配置模型

`ESM2DataConfig`

基类：DataConfig[ESMDataModule]

ESM2DataConfig 是用于设置 ESM2 预训练数据模块的配置类。

ESM2DataModule 实现了 ESM2 出版物中定义的面向集群的采样方法。

属性

名称	类型	描述
`train_cluster_path`	`路径`	训练集群数据的路径。
`train_database_path`	`路径`	训练数据库的路径。
`valid_cluster_path`	`路径`	验证集群数据的路径。
`valid_database_path`	`路径`	验证数据库的路径。
`micro_batch_size`	`int`	微批次的大小。默认为 8。
`result_dir`	`str`	用于存储结果的目录。默认为“./results”。
`min_seq_length`	`int`	最小序列长度。默认为 128。
`max_seq_length`	`int`	最大序列长度。默认为 128。
`random_mask_strategy`	`RandomMaskStrategy`	随机掩码策略。默认为 RandomMaskStrategy.ALL_TOKENS。
`num_dataset_workers`	`int`	数据集的工作线程数。
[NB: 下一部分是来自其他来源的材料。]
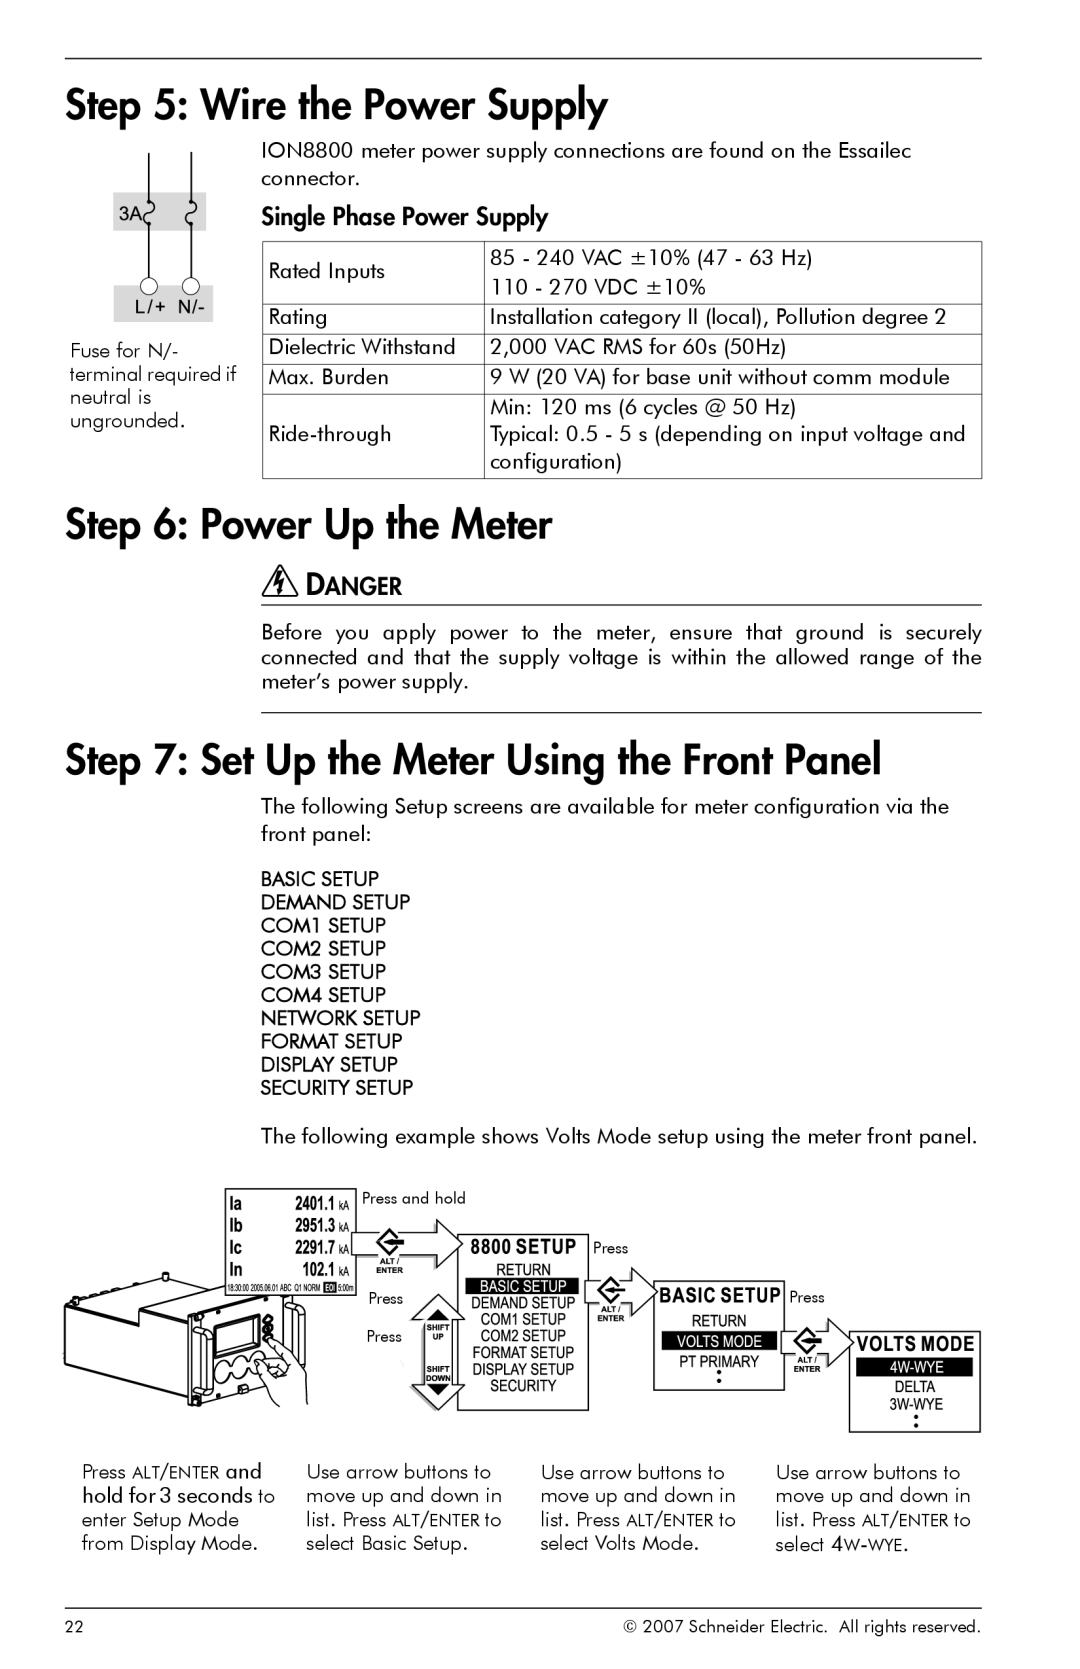 Schneider Electric ION8800 manual Wire the Power Supply, Power Up the Meter, Set Up the Meter Using the Front Panel, Danger 
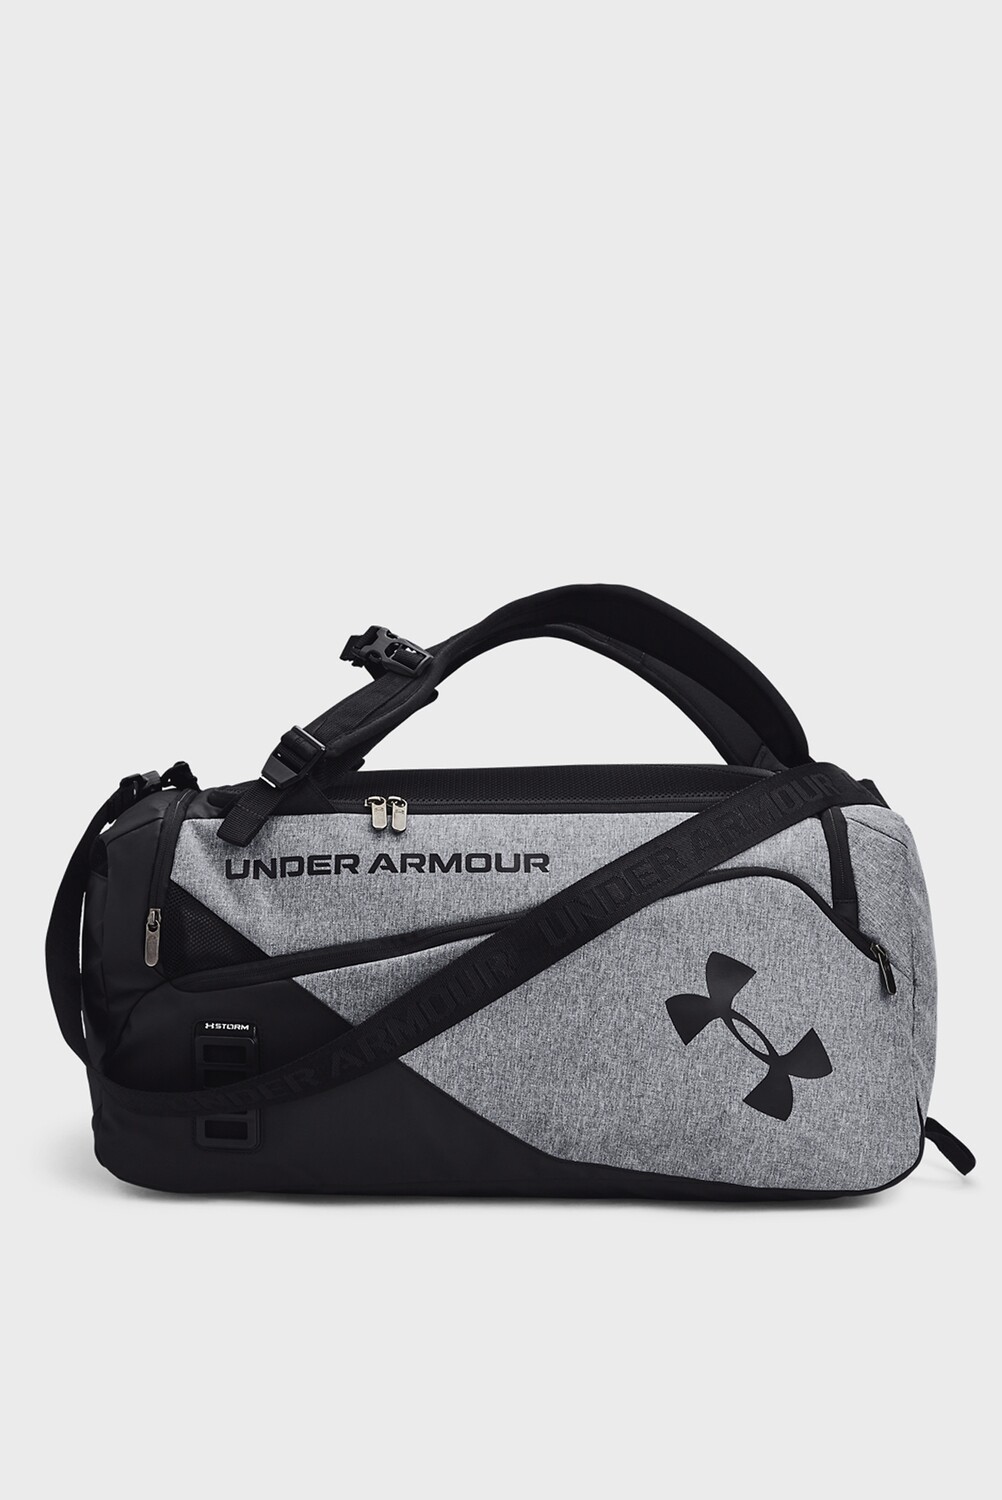 Сумка - рюкзак Unisex UA Contain Duo MD Backpack Duffle Gray/Black Under Armour

默认为 0。

方法

名称	描述
`construct_data_module`	int) -> ESMDataModule：构建并返回具有提供的全局批次大小的 ESMDataModule 实例。

源代码位于 bionemo/esm2/run/config_models.py

class ESM2DataConfig(DataConfig[ESMDataModule]):
    """ESM2DataConfig is a configuration class for setting up the pre-training data module for ESM2.

    The ESM2DataModule implements the cluster oriented sampling method defined in the ESM2 publication.

    Attributes:
        train_cluster_path (Path): Path to the training cluster data.
        train_database_path (Path): Path to the training database.
        valid_cluster_path (Path): Path to the validation cluster data.
        valid_database_path (Path): Path to the validation database.
        micro_batch_size (int): Size of the micro-batch. Default is 8.
        result_dir (str): Directory to store results. Default is "./results".
        min_seq_length (int): Minimum sequence length. Default is 128.
        max_seq_length (int): Maximum sequence length. Default is 128.
        random_mask_strategy (RandomMaskStrategy): Strategy for random masking. Default is RandomMaskStrategy.ALL_TOKENS.
        num_dataset_workers (int): Number of workers for the dataset. Default is 0.

    Methods:
        construct_data_module(global_batch_size: int) -> ESMDataModule:
            Constructs and returns an ESMDataModule instance with the provided global batch size.
    """

    train_cluster_path: Path
    train_database_path: Path
    valid_cluster_path: Path
    valid_database_path: Path

    micro_batch_size: int = 8
    result_dir: str | Path = "./results"
    min_seq_length: int = 128
    max_seq_length: int = 128
    random_mask_strategy: RandomMaskStrategy = RandomMaskStrategy.ALL_TOKENS
    num_dataset_workers: int = 0

    @field_serializer(
        "train_cluster_path", "train_database_path", "valid_cluster_path", "valid_database_path", "result_dir"
    )
    def serialize_paths(self, value: Path) -> str:  # noqa: D102
        return serialize_path_or_str(value)

    @field_validator(
        "train_cluster_path", "train_database_path", "valid_cluster_path", "valid_database_path", "result_dir"
    )
    def deserialize_paths(cls, value: str) -> Path:  # noqa: D102
        return deserialize_str_to_path(value)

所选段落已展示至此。